The One Resolution We Can All Make In 2014

By

‘Tis the season for New Year’s Resolutions. We make them, we make fun of them, and yet the psychology of the new year is that it gives us a feeling of closure of the year that ended. The feeling that we can leave the past behind and move forward with a resolve to do better, and be better people. Of course, the past is something we can only leave behind so much. While we are in the present and we ought to live like we are, we are forever creating our past, just like we are forever carving our future. The multidimensionality of life is something we cannot escape.

I make resolutions every year although being a pragmatic person, my resolutions involve goal-setting and planning. I have schedules and timetables attached to my resolutions because while I believe in resolutions and I enjoy the psychology that a new year gives me, I do not believe that resolutions are tantamount to hopeless wishes that a person has no control over. I pick a few things in my professional and personal life and I endeavor to work on them throughout the year. So part of my resolutions is having a plan, with the stipulation that life will definitely throw some curve balls; it always does.

Plans – I’m good at making them. I’m getting better at executing them. But in life, there are only so many things one can plan for. And oftentimes, it’s the things that we don’t plan for that change us the most. A few weeks ago, I attended a family friend’s uncle’s funeral. He, and my brother who lives in Chicago, have been good friends since their college days. He was giving the epilogue for his uncle and it was very difficult to watch and experience. The death was untimely, unfair, and unplanned for.

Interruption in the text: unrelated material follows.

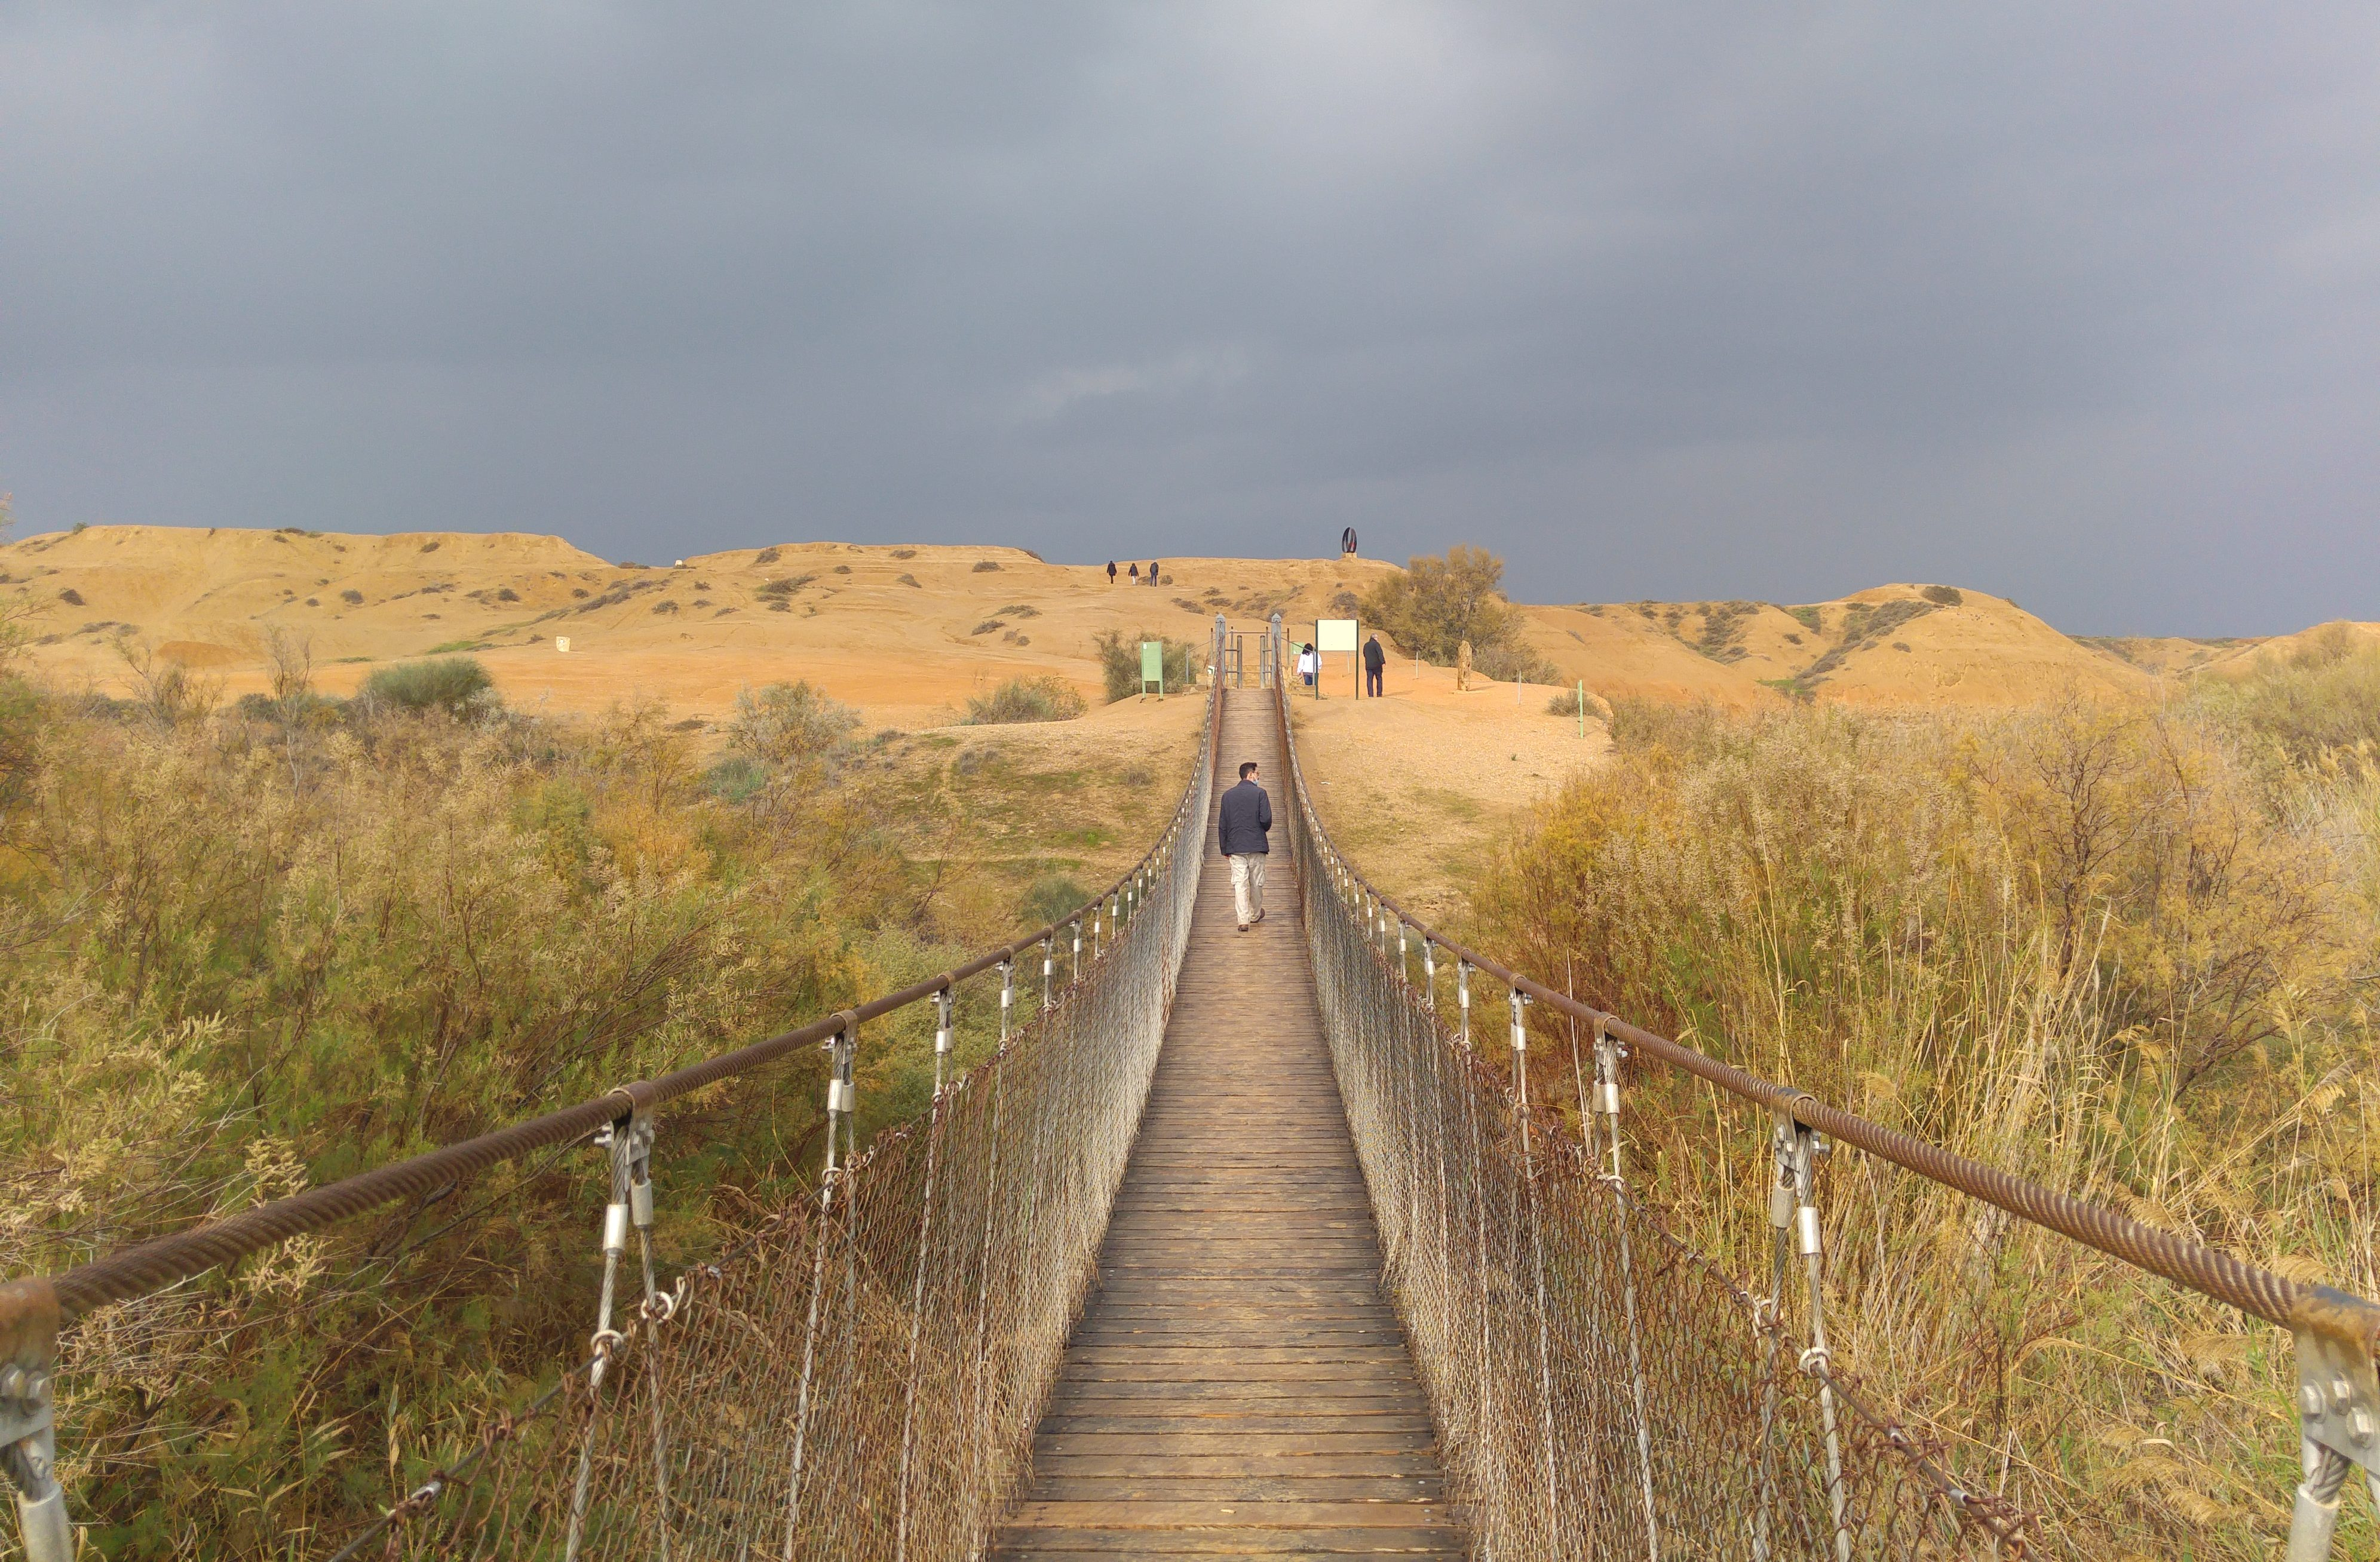 Crossing the hanging bridge over Nachal HaBesor
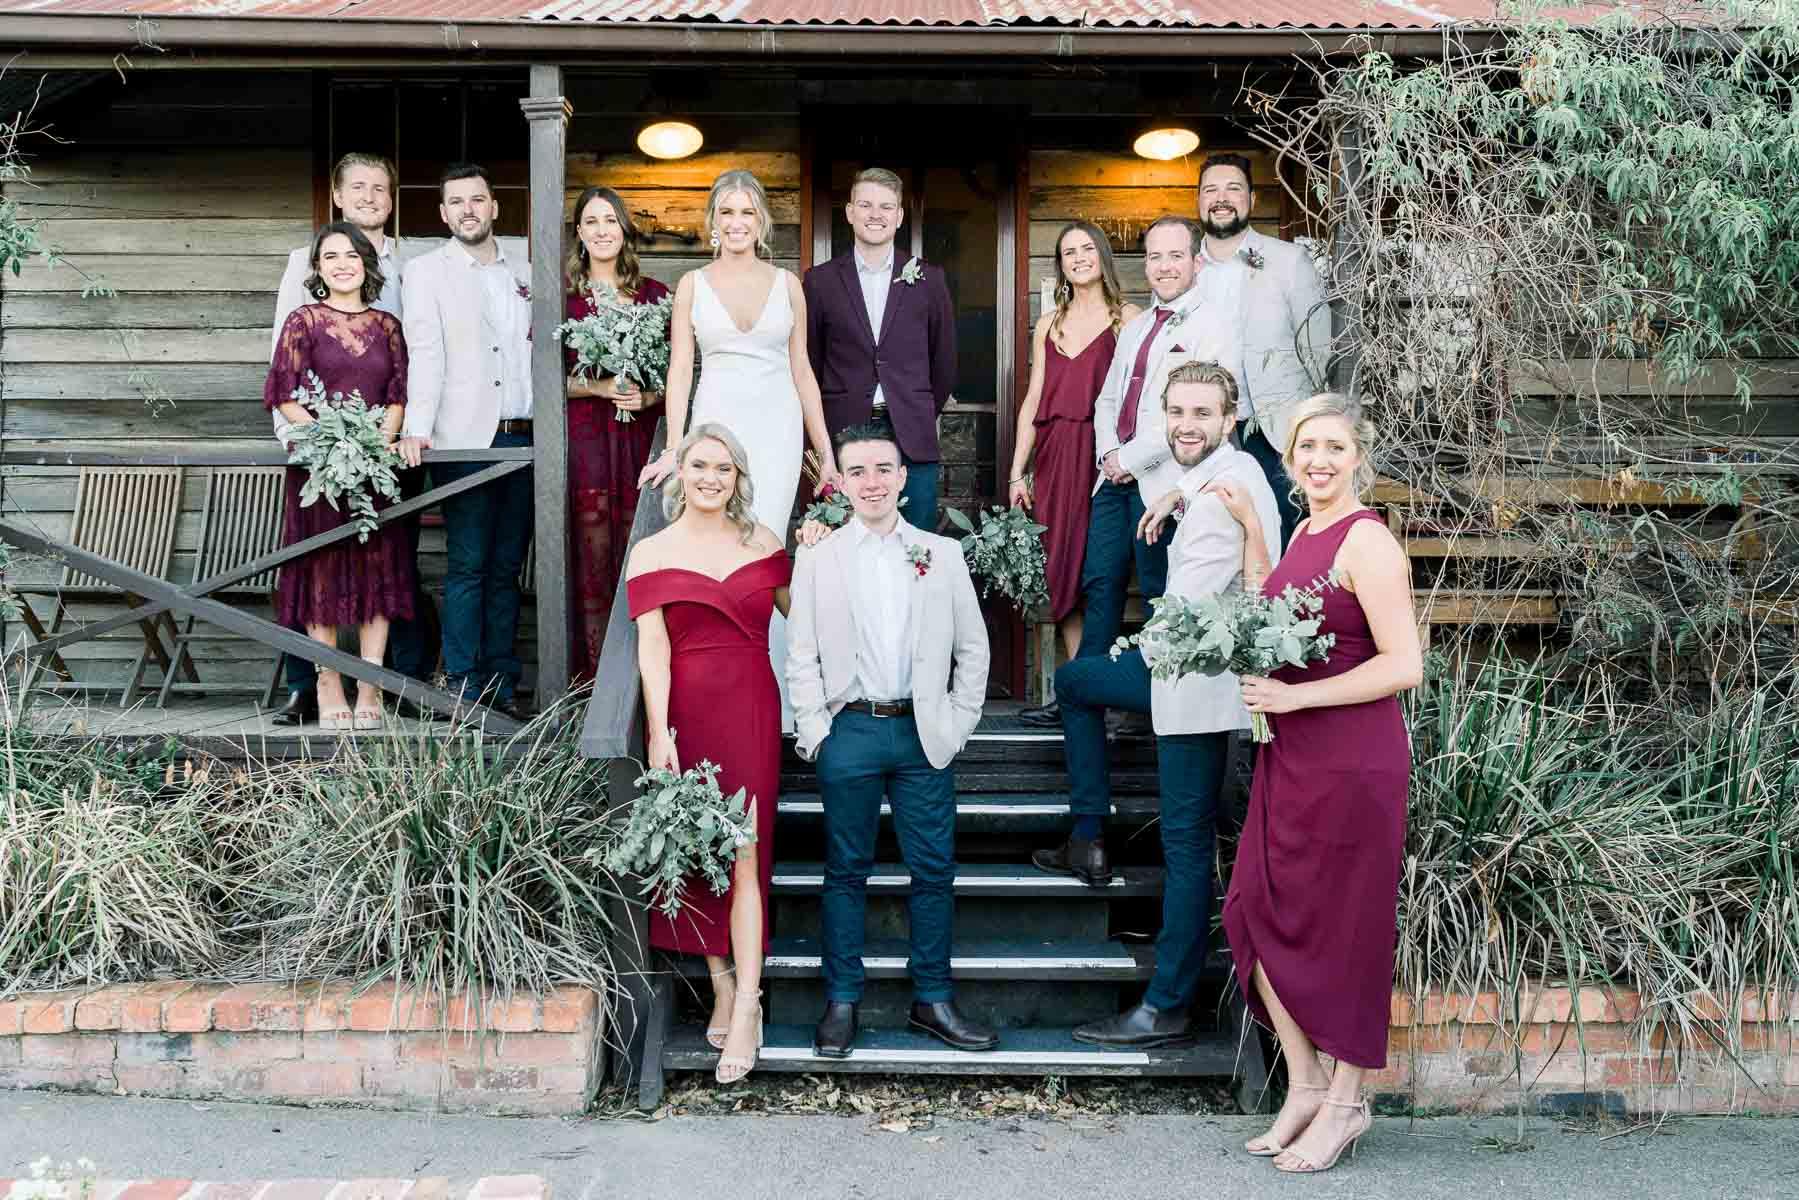 rustic-yarra-valley-wedding-venue-acacia-ridge-georgia-james-08189.jpg

As I listened to all the epilogues however, his uncle, who I had very brief encounters with, was a man who enjoyed his life; he lived his life. How many of us can say that? How many of us include “living” in our plans for the new year? We get caught up in achievements and personal gratifications to claim one status or another. And there’s nothing wrong with wanting a better life in material and significant ways. But there has to be a balance, and more importantly, there has to be a desire to always and truly live.

I know that we’ve all got bills to pay and responsibilities and obligations that sometimes seem unceasing. Many of us want to be great and with that comes one sacrifice after another – all of which usually involve a sacrifice of time. I get it. We’ve got education to obtain, and things to buy, and titles to work for, and they all take time. And time is life. But somewhere along the way, we have to look beyond these things that we’re trying to get and trying to be, and put them in their place. And above all, we have to really truly learn how to live.

Living means taking risks and being uncomfortable in whatever moments we find ourselves in, and being okay with being uncomfortable. Living means being in a sometimes difficult reality but endeavoring to find solace and even joy in the most painful moments of our lives. Living means having hope and faith and always having love, in order to see that although life is always difficult, it is always beautiful. Living mean despite our past failures and our hopes for the future, we are always present in the very moment that we are experiencing, because if nothing else, the next moment is not guaranteed.

Do you realize that you and I could die today? It could happen; we don’t like to think about it but it could. And then what? Our plans will die with us. I don’t know for sure what happens after death although I have a faith that tells me that it doesn’t all end here. But for all of us who have been blessed to see a new day, who will be blessed to see a new year, we have to recognize that it is not something that we have been given by anything we’ve done or not done. But we are here and I think we owe it to ourselves and each other and for all of us who believe – a Creator – to live a good life, a full life, a loving life – a life that is worthy of having said at the end our days, “Yes, I have lived.” Let us all resolve to live; to be as happy as we can be; to do as much as we can with what we have, to endure what we must, and to enjoy this gift that we have been given. In 2014, let us all resolve to live.